O contra-movimento – fundante, necessário, nomeador – vai sendo percebido cada vez mais inequivocadamente: o corte faz recorte e função. O corte, sobretudo simbólico, dá lastro ao lugar do qual opera a referência, fálica, e a lei. Nesse mesmo movimento, a separação possibilita uma maior diferenciação das peças, de maneira tal que vai sendo possível montar o quebra-cabeça de sua própria história, filiando-se da forma que foi então possível – isto é, historicamente – a cada uma das peças, ou objetos, em jogo. A matriz da composição está armada, os elementos lógicos estão à disposição: função do vazio, função de recorte e função de filiação[1]. Abre-se a brecha no caldo obscuro da indiferenciação, forja-se ou simboliza-se a falta, que dará abrigo ao recorte permitindo a nova filiação.
A partir do lago aparentemente ilimitado, brota o contorno numa porção de terra determinada arquiteturando assim uma ilha que pode então sustentar pontes. Metáfora claudicante, no entanto, pois não somos nem ilha nem terra, seres móveis que herdamos a liberdade aterradora do movimento. Porém, metáfora que diz da nossa libertação da água mãe que tudo engole e submerge. A função de filiação só pode se estabelecer – calmamente, digamos – em conjunção com a função de recorte que lhe é companheira, para inclusive reatar os elos, agora mais definidos, com a água primordial. Há vasilhame, ou continente. Cortar para trançar.
E o corte que dá contorno dá também limite. Dá limite-alívio, pois eu sou isso e tenho esse desenho, vejo minha imagem refletida no espelho do seu olho e lhe sou grato por isso: constituo o eu que ancora minha imagem. Porém, dá ainda limite-lei. Limita algo em meu eu que sempre busca voltar a correr para o mar, aquele da água fluida que é a mais ágil das matérias para não se deixar fixar em nenhum limite formatador, pois que sou já pura maleabilidade. Como se o eu quisesse poder permanecer na imersão do indiferenciado, imagem do gozo infinito e indefinido, e o recorte lhe desse um tônus, o amadurecimento e esgotamento da liquidez.

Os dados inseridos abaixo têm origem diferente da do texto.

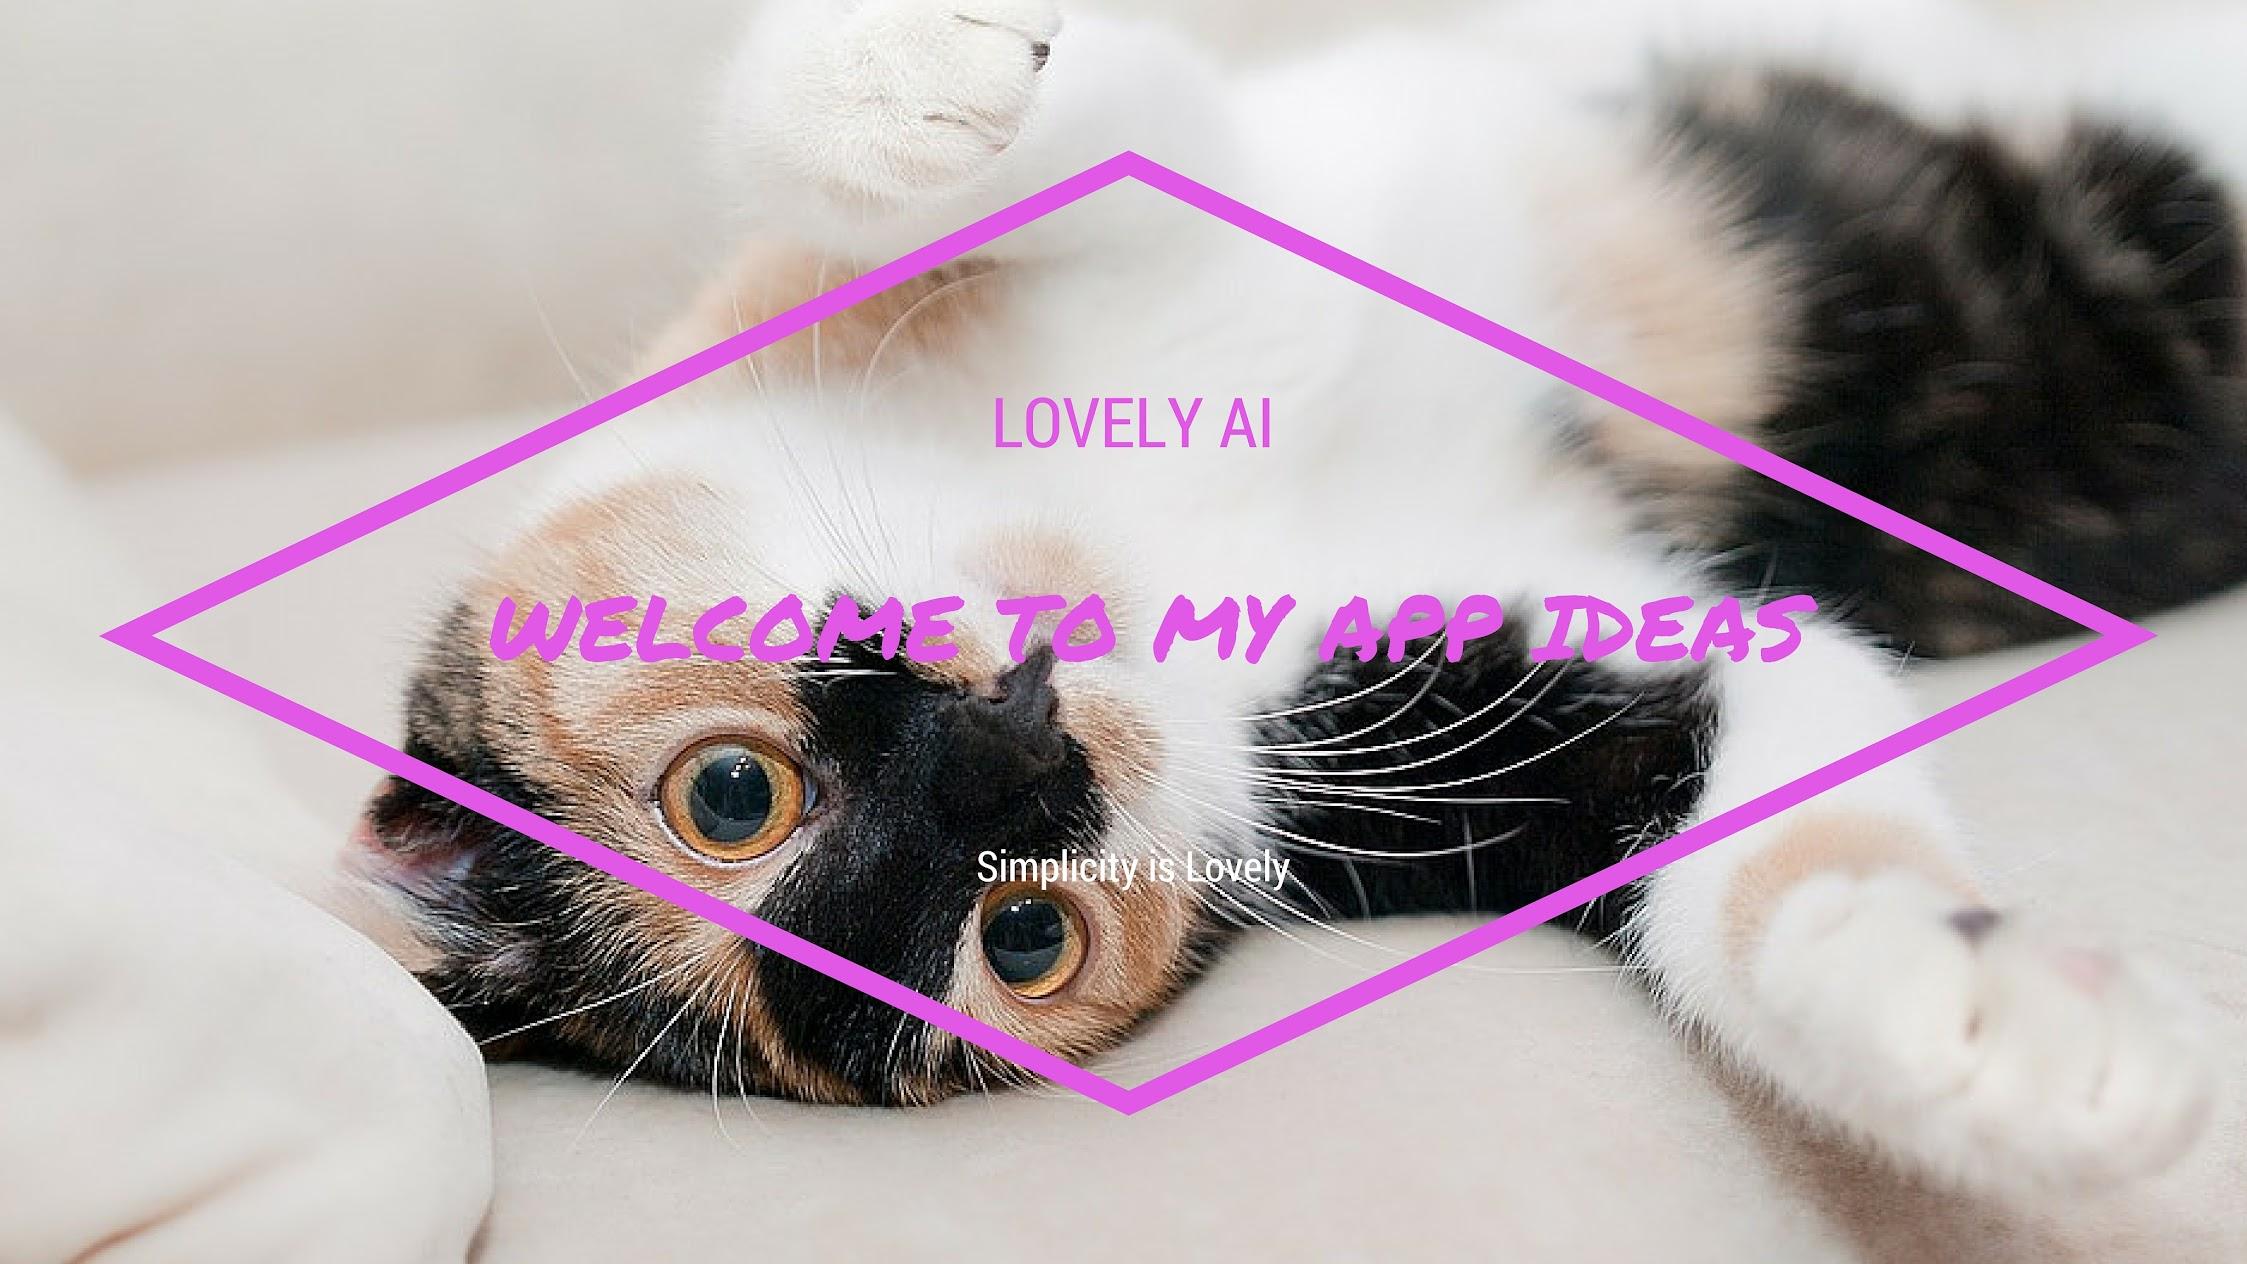 Lovely AI

Há o outro e essa existência, de per si, limita. Esse aspecto da função ganha o formato simbólico de lei. As palavras tentam traduzir a forma com que o limite incidiu sobre um agrupamento humano. Lei é lex em latim, é nomos em grego: vem do verbo que descreve o dividir, repartir com o outro e que, em última instância, gesta a idéia de justiça. Que talvez seja simplesmente o momento em que o ser se conforma e, se puder, se regozija com a presença (no entanto talvez sempre infernal) do outro.

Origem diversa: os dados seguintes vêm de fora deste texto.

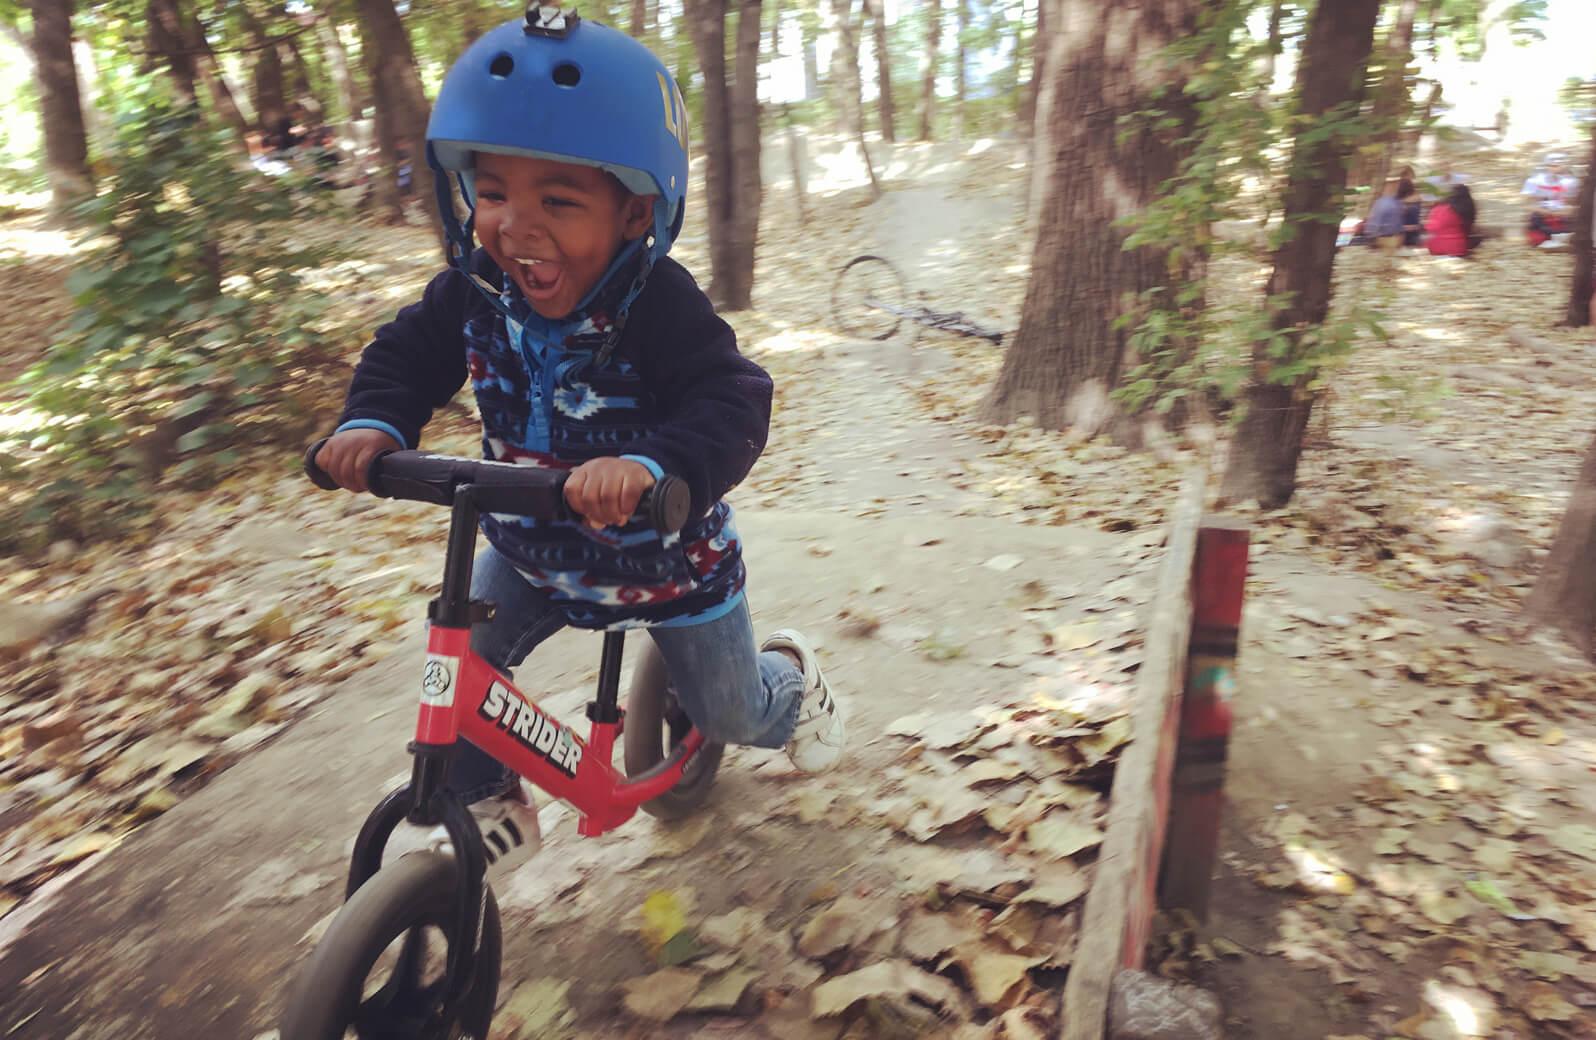 strider balance bikes be adventurous

Nosso trabalho, analítico, incide, pelos interstícios das palavras ditas, sobre cada um dos momentos lógicos dessa constituição, sobre essa ampla e complexa tessitura e seus buracos: desatando o que é possível da trama, não tão tramada assim, para fazê-la vir a existir em uma forma a mais interessante, confortável e desejante possível para um humano poder levar seu existir. Como essa reconfiguração do lugar imaginário do outro e, dessa maneira, do sujeito e seu lugar se dá ao longo de uma análise é a fatura nossa de cada dia. Alguns modos de operar se decantam e a forma de operar da função filiativa é fundamental para a escritura da nova posição subjetiva. Um novo convite à ficção pode ajudar a traçar o sentido.
“Canto IV
Chegam ao palácio de Menelau quando ocorre o festa de casamento de um dos filhos do rei. Durante o banquete, Menelau fala de Ulisses, ainda sem saber quem é Telêmaco, e este começa a chorar.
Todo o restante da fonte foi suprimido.